The architecture consist of three components: a weather time-series convolutional neural network (CNN), a building metadata feed forward network (FNN), and a combine FNN. The model is trained on the multivariate regression task of predicting total household energy consumption by fuel type, specifically outputting the length 4 vector: [electricity
,natural_gas
,fuel_oil
,propane
] . The input features are described in detail here.
The model was inspired by this multi-modal model, which takes in numeric, categorical and image data and uses different branches to handle the mixed data. Note that the architecture has been tweaked manually, but no formal experiments have been performed to optimize architecture. This is planned for future work.
Weather branch (CNN):
In this case, instead of running 2D convolutions the (first two) spatial dimensions of 3D images (width x height x RGB channel), we run 1D convolutions over the (first) time-dimension of 2D time-series (hour of the year x weather feature). The CNN compresses the entire 8670 x 4 input matrix into a “weather embedding” vector of dimension 8 which contains the most important aspects of the weather data for the downstream prediction task. Since this is by far the most compute-intensive portion of the model, one option for expediting training is to train the whole model on a small subset of the data, freeze the embeddings, and then swap in this pre-trained embedding model for the CNN branch. This is planned for future epic. There is a Batchnorm layer after the initialization and each of the convolutional layers before the activation is applied.

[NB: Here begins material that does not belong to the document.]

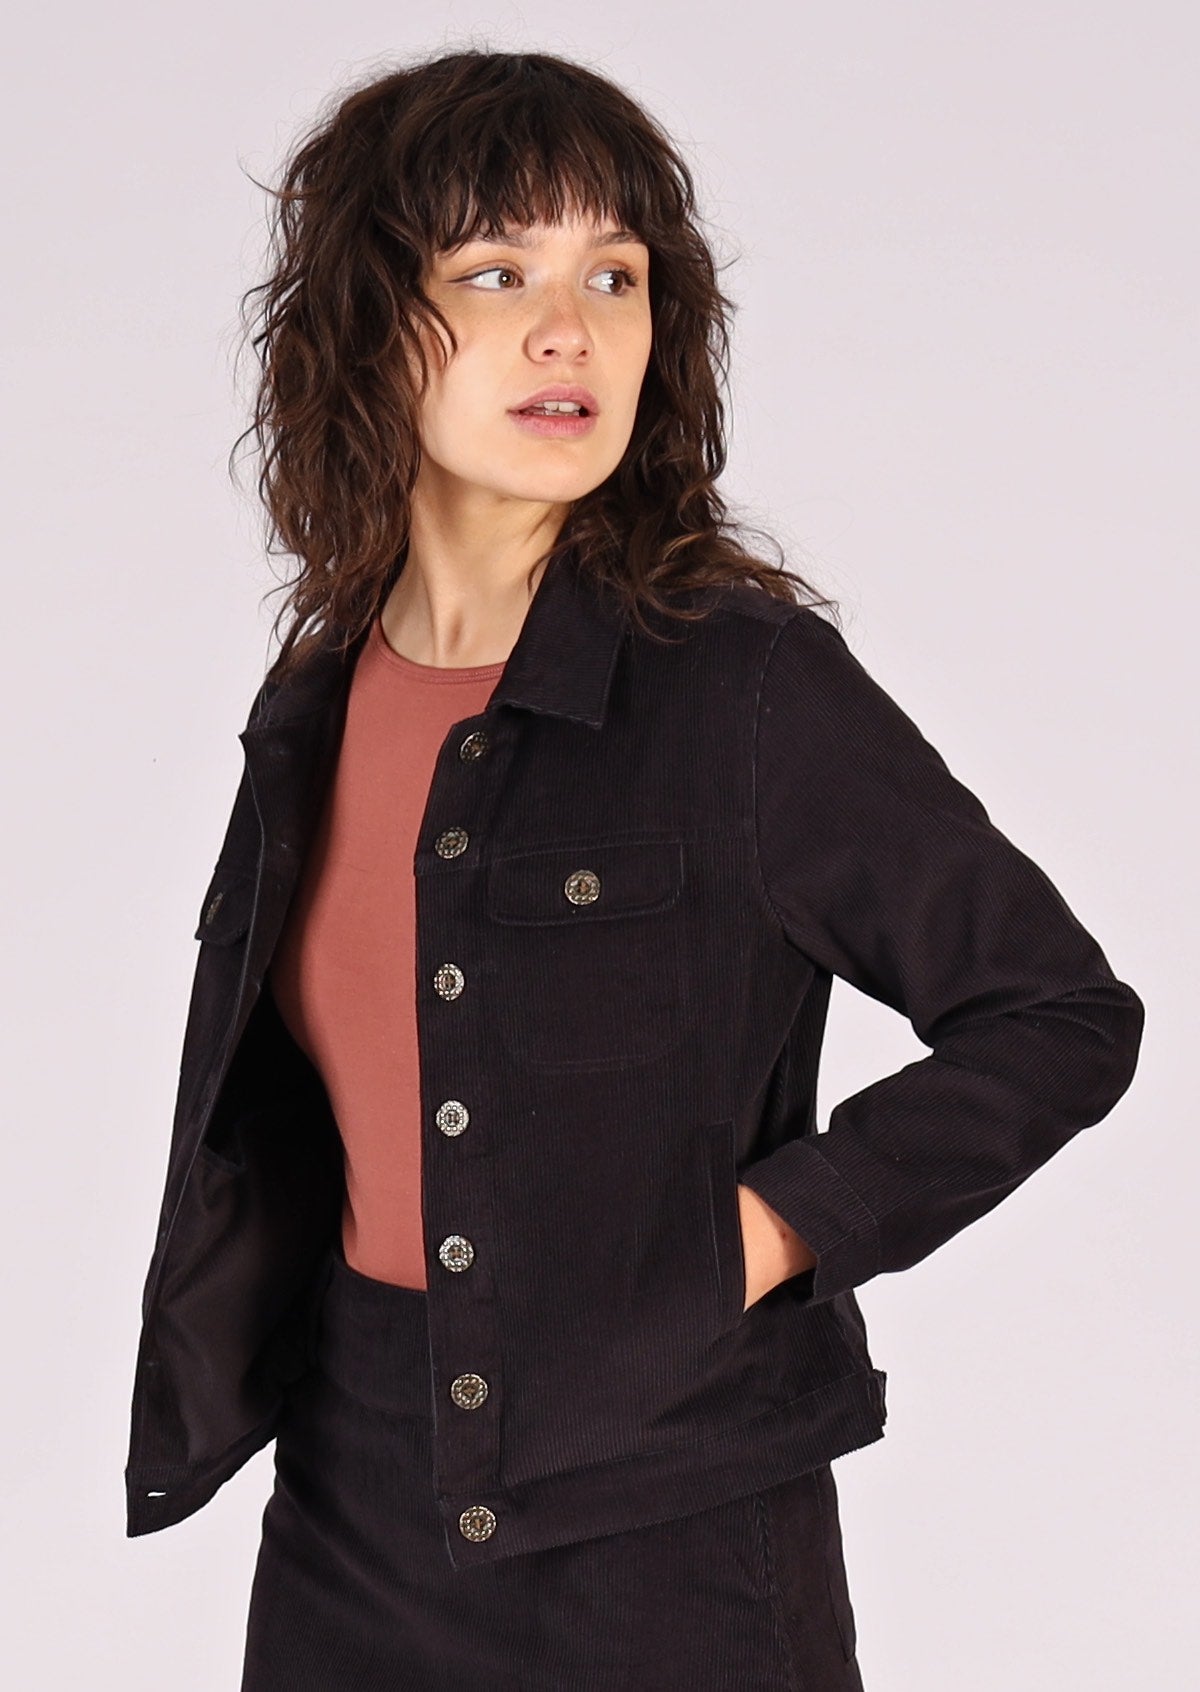 Cotton corduroy dark grey jacket with pockets

Building metadata branch (FNN)
Categorical features are encoded as one-hot vectors, combined with numerical features, and passed through 4 dense layers of increasingly smaller size, compressing the entire building metadata feature space into 16 dimensional “building metadata embedding”. There is a Batchnorm layer after the initialization and each of the dense layers before the activation is applied.
Combine trunk (FNN)
The weather embedding is concatenated with the building metadata embedding to form a 24 length vector, and then passed through 5 dense layers, contracting down to the 4 dim target vector of total consumption by fuel.
Batch size: 256
Epochs: 200, with patience set to 15 tracking validation loss.

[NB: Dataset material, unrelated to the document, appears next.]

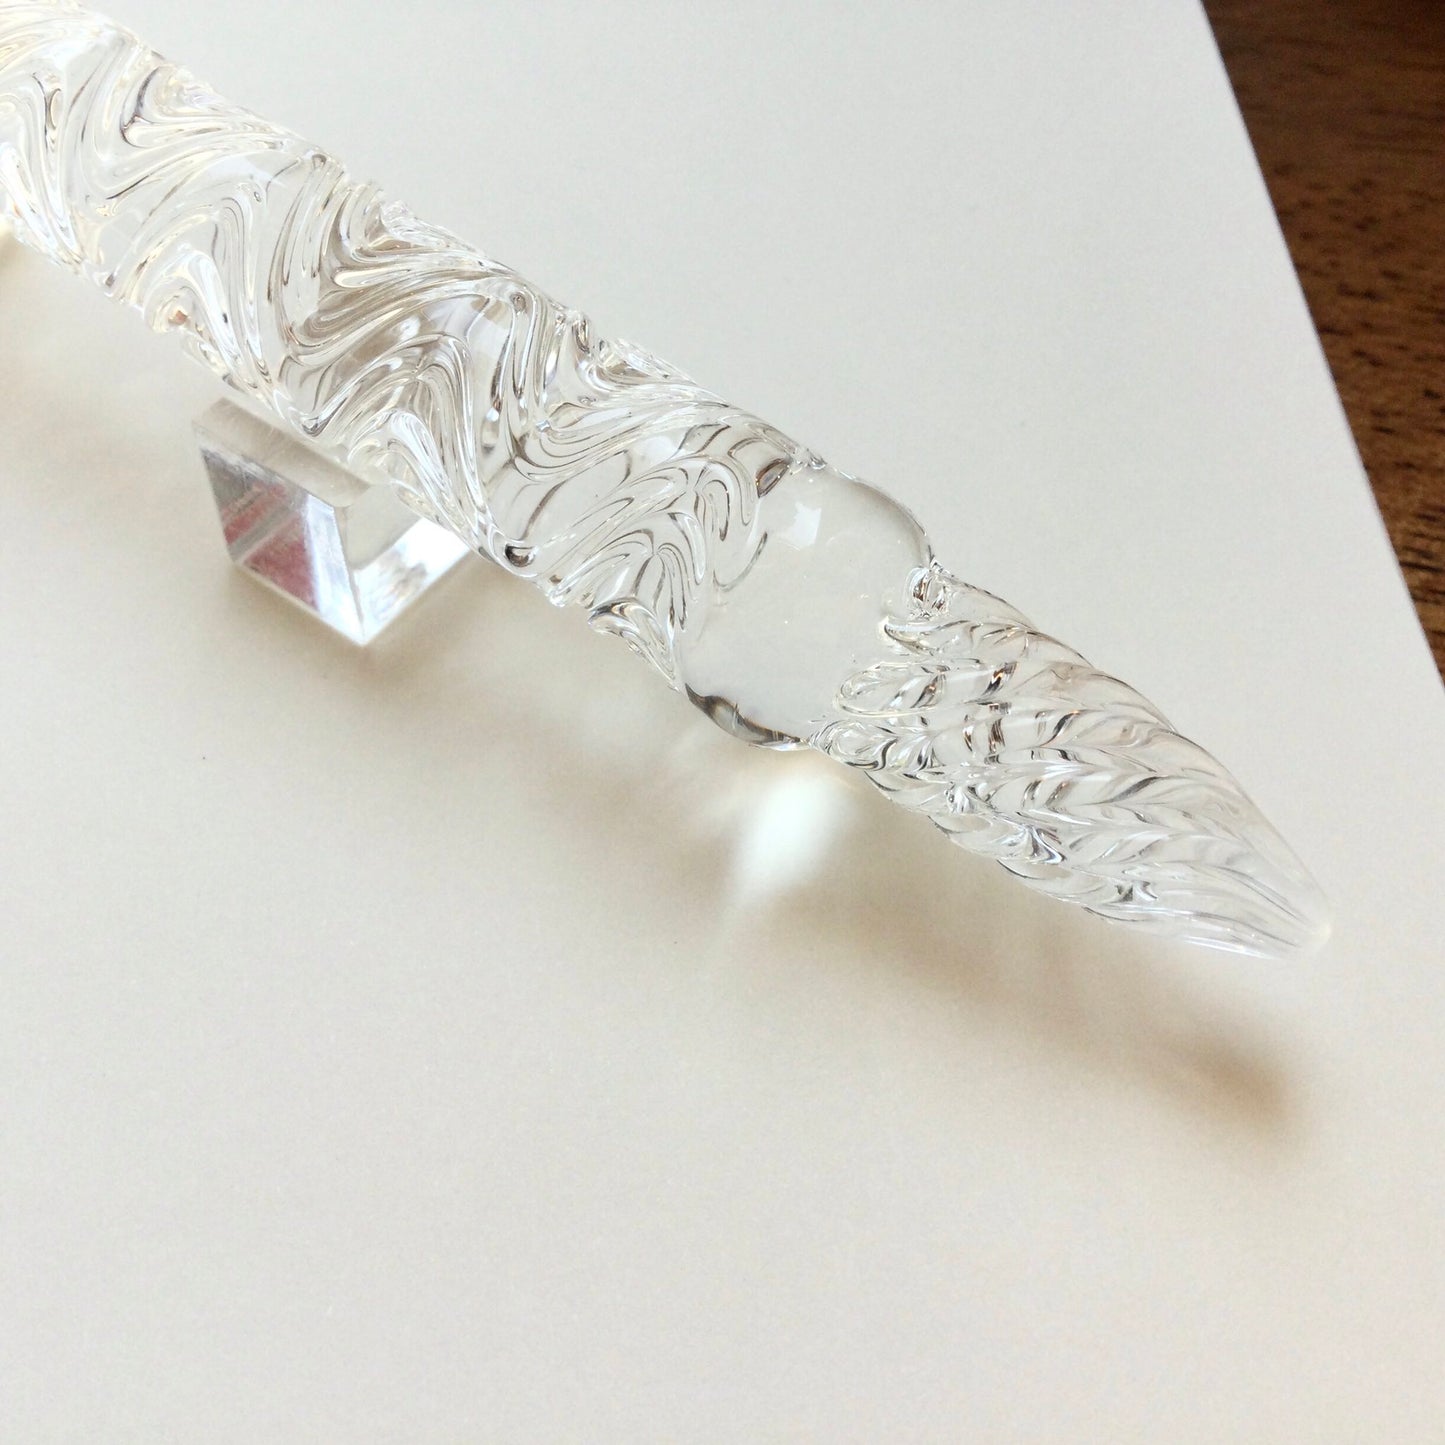 Synchronicity Glass Art ガラスペン "うねり 二刀流" クリア

Initialization: All trainable layers use He Initialization.
Activation: All trainable layers use a leaky ReLU activation function.
Optimizer: Adam
Loss: Masked mean absolute error, where elements (sample i, fuel j) are not included in the mean if
All other parameters use keras defaults.
The final layer is a leaky ReLU meaning that the model can predict negative values, but predictions are clipped at 0 in post-processing.
Values are also set to 0 in post processing if the given fuel target is not used by any appliance in the modeled building.